Today, we are putting a pause on puzzling. A puzzle is great for learning trial and error. For learning to think logically and spatially. And for learning persistence. They are also good for social emotional well-being.
Throughout my puzzle years, it was the social emotional piece I never really thought about.
My husband and I often work on puzzles during our lunchtime together. Now our jobs are calling us to be back in the physical office again two days a week. We knew this time would come, as it was inevitable as all good things must come to an end at some point.
While he was at work today, I opened a new puzzle for us to begin putting together. As I turned over the pieces, my least favorite thing about doing a puzzle, I wasn’t feeling the same as I had in the past while setting this one up. It dawned on me it was because I was missing the company of my loved one.
He and I don’t always talk as we do puzzles, although we have solved some problems while doing so. Even in not talking though, we are together. We are working on a common goal of finishing the puzzle.
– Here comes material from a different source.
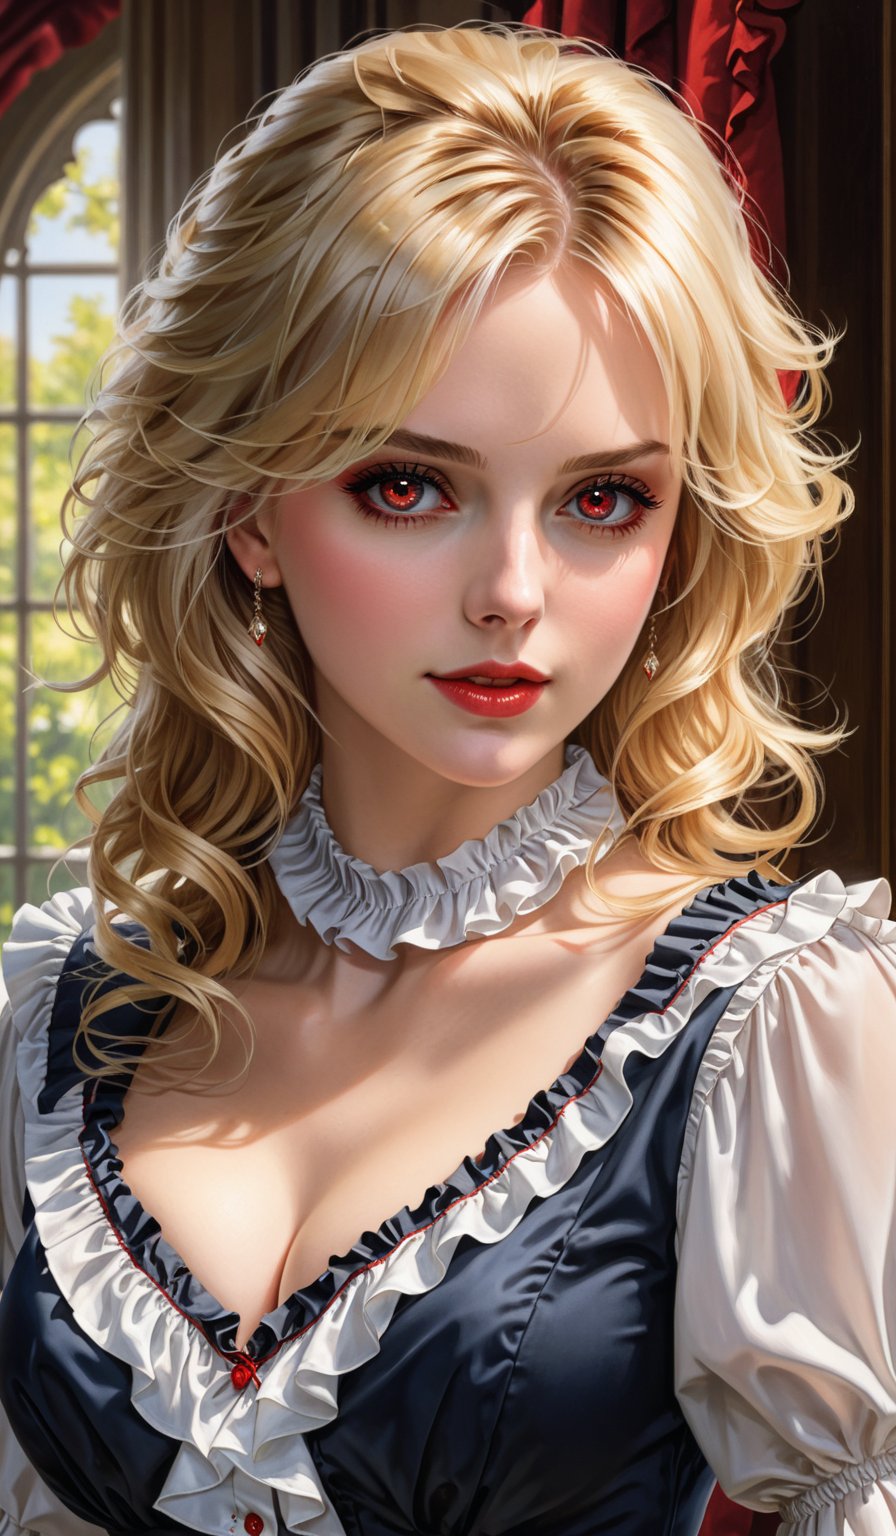 score_9, score_8_up, score_7_up, score_6_up, masterpiece,best quality,illustration,style of Realistic portrait of woman,Frilled Blouse,Blonde hair,red Eyes,cleavage cutout

We are supporting one another by offering pieces to the section the other is working on. We are offering encouraging words when a piece we’ve been looking for is alluding us at the moment. And, we are celebratory when the other finds that piece he’s been trying to find for the last 1,000 years, and when we put in the final pieces to complete the puzzle.
When we work on it alone, there is still the logic, the trial and error, and the persistence. What is missing is the connection we make in doing it together. Today as I got the pieces ready, it was this last part that was missing, and I felt more than a little sad he wasn’t with me.
So once this fantastic puzzle of Paris is finished, the puzzle era is over until cold weather sets in again. It is but another sign things are going back to a more usual routine.
I’m just not sure if I’m fully ready for things to go back to the usual routine, or want to go fully back to the “normal” routine.